— What this task involves —
Give back all of the data exactly as it stands, with the pictures removed.

— Information supplied —
----------
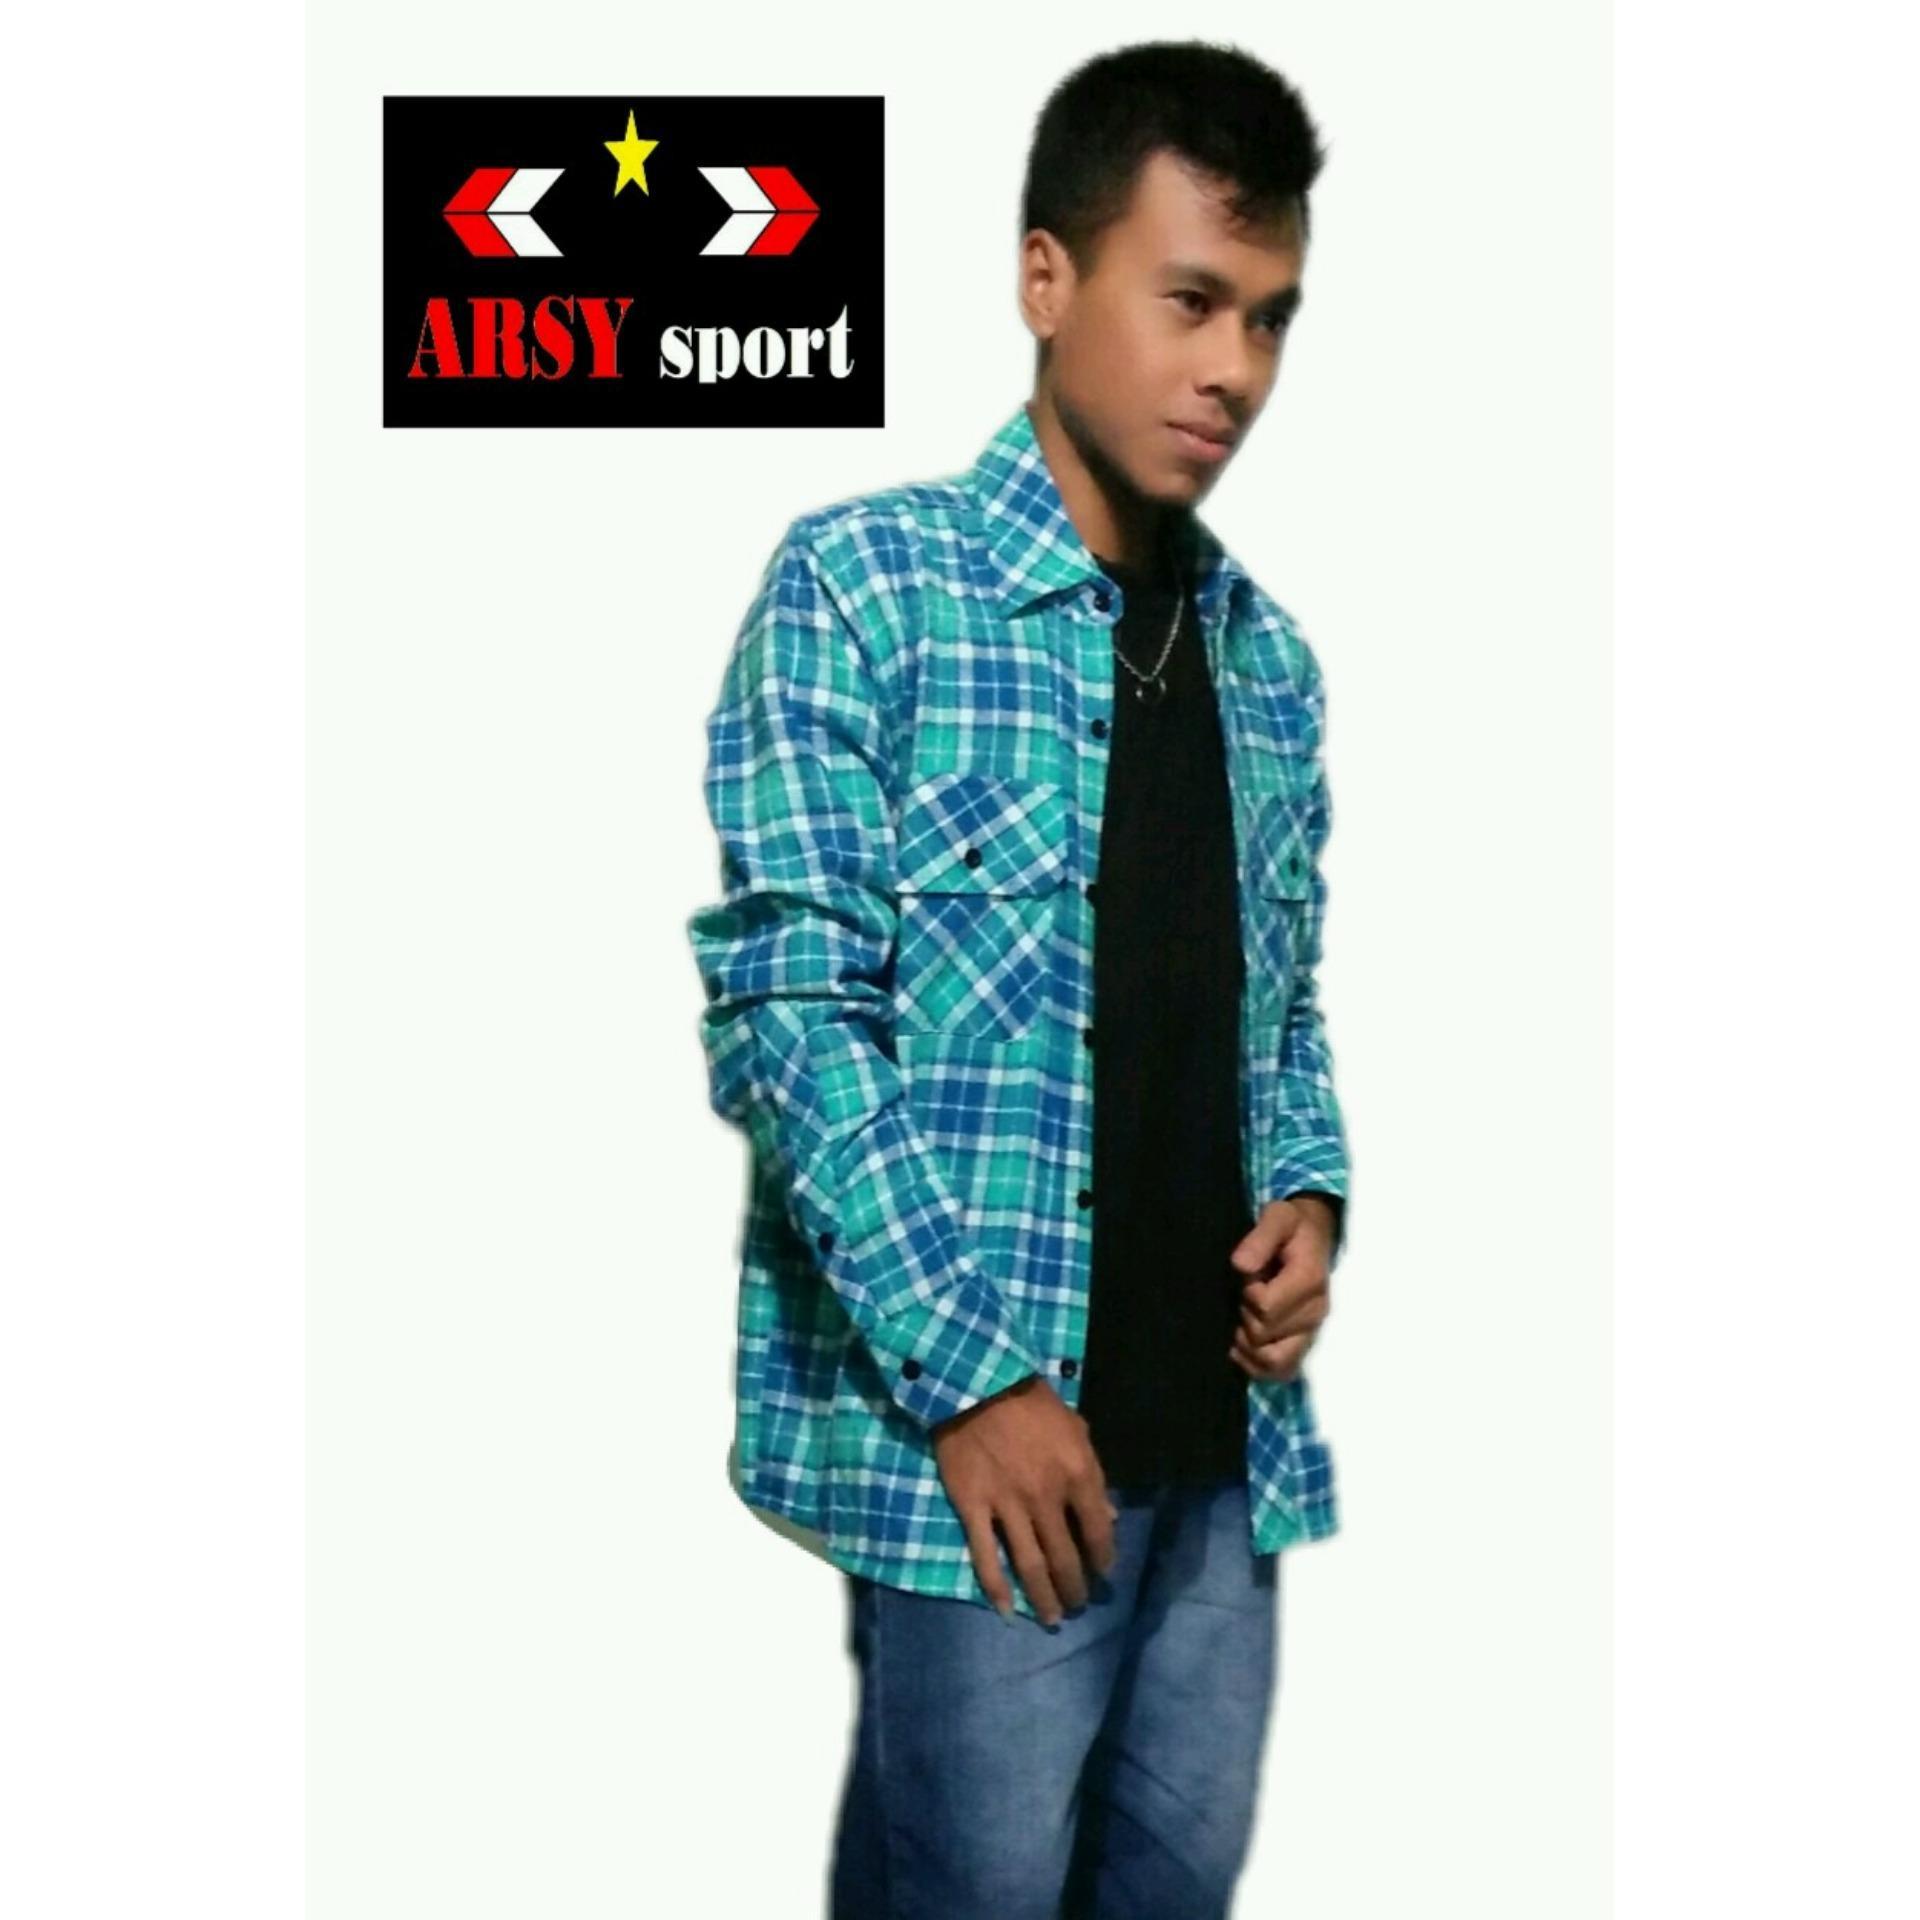 Harga Arsy Sport Kemeja Flanel Kotak Pria Di Jawa Barat
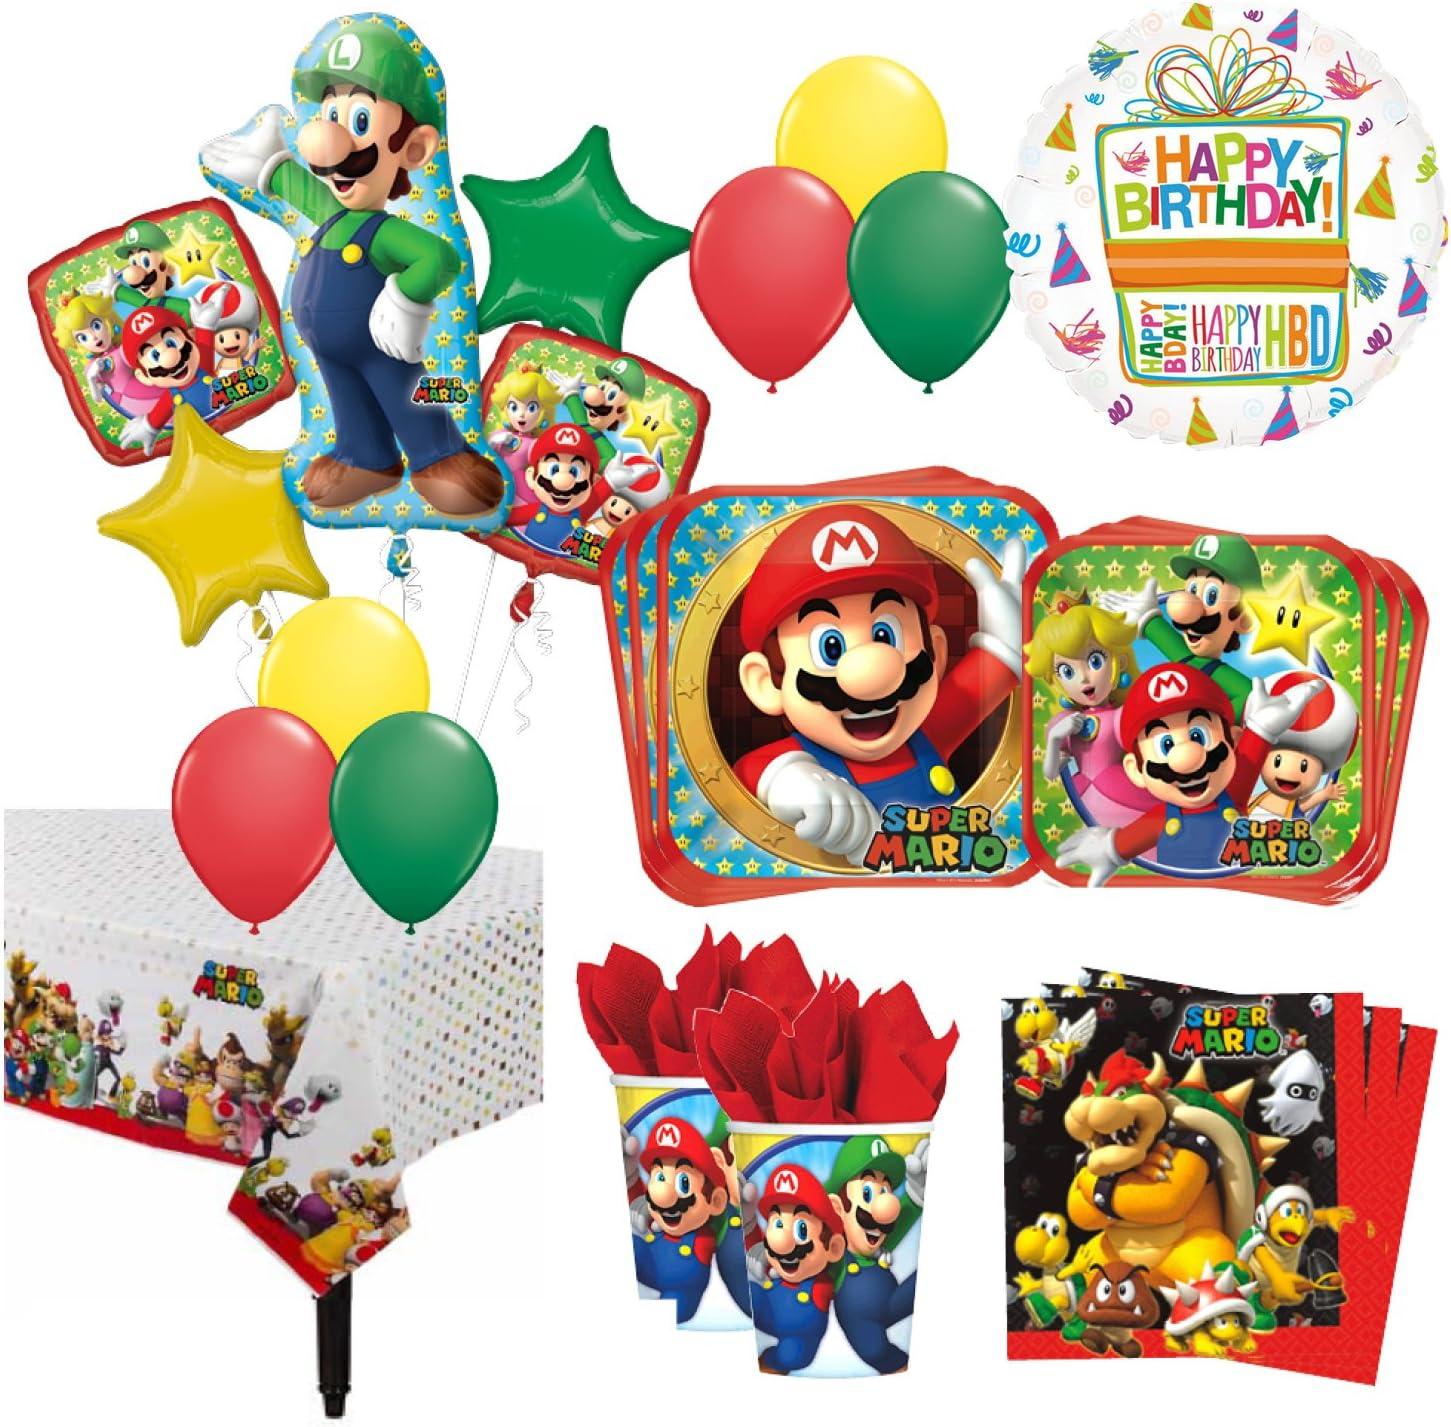 Super MARIO KART Tableware Balloons /& Decorations Birthday PARTY RANGE
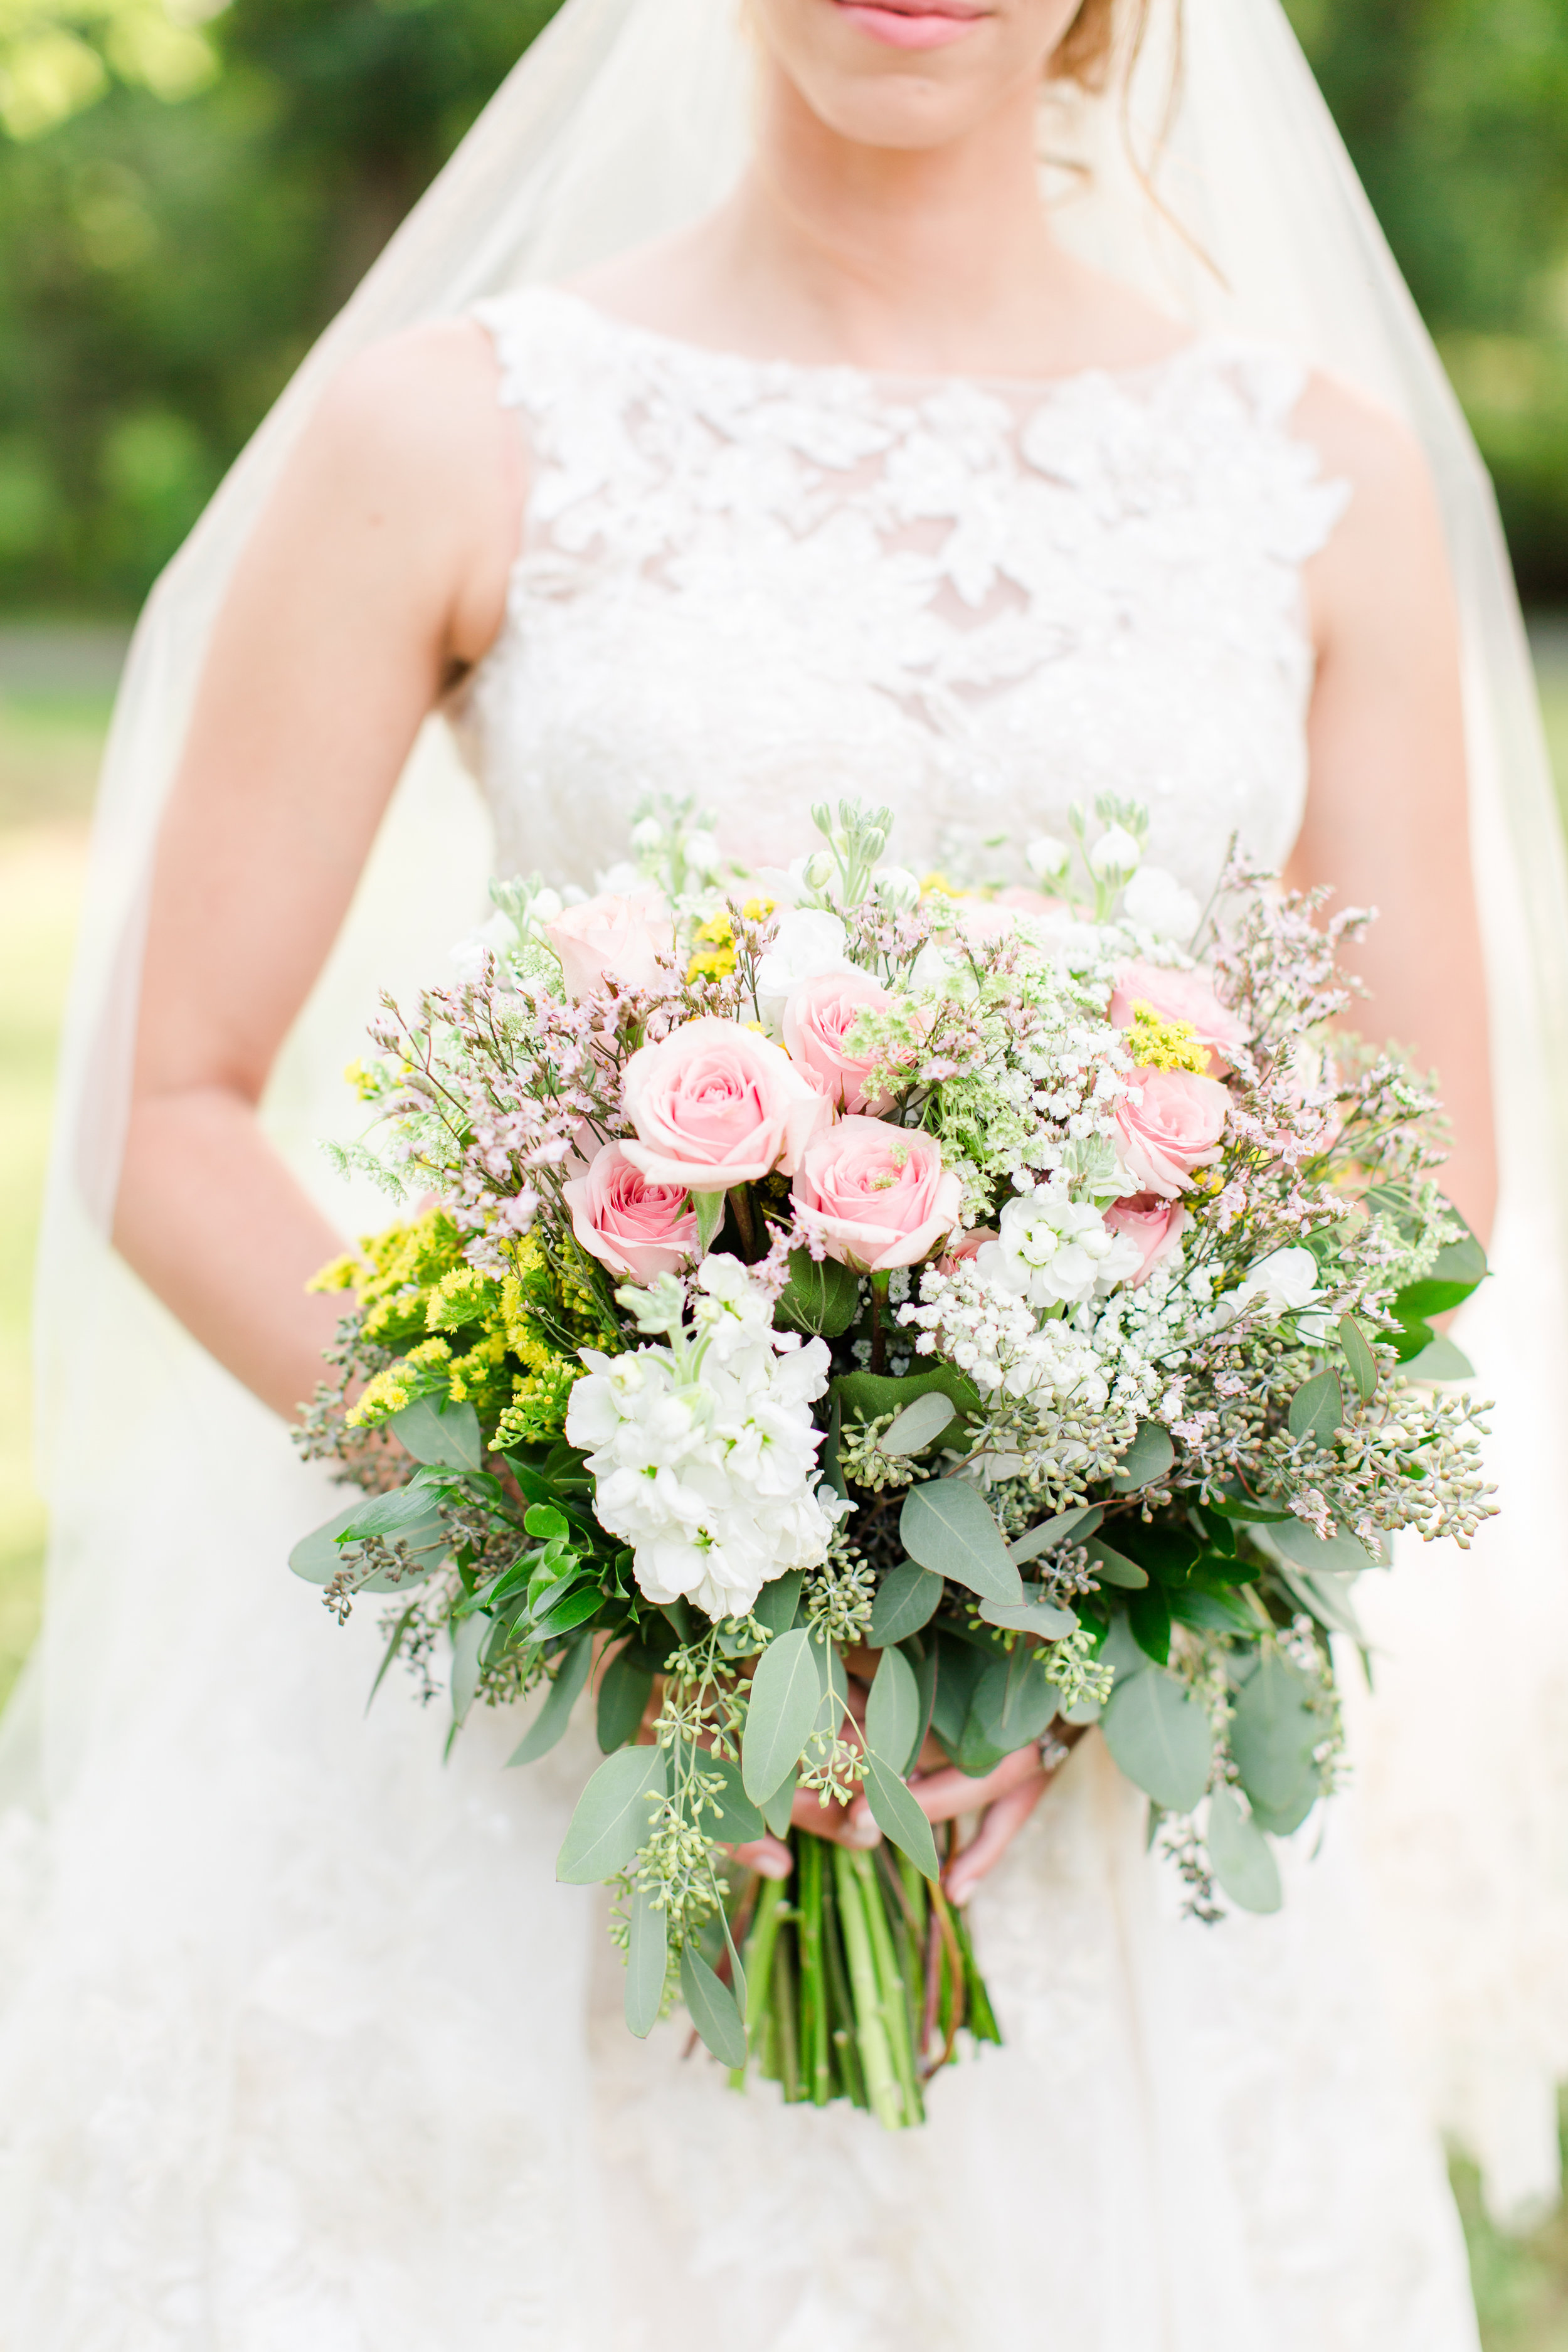 Gorgeous Wedding Bouquets - West Virginia Wedding Photographer - Wedding Venue
----------
— Task response —
 Harga Arsy Sport Kemeja Flanel Kotak Pria Di Jawa Barat
 Super MARIO KART Tableware Balloons /& Decorations Birthday PARTY RANGE
 Gorgeous Wedding Bouquets - West Virginia Wedding Photographer - Wedding Venue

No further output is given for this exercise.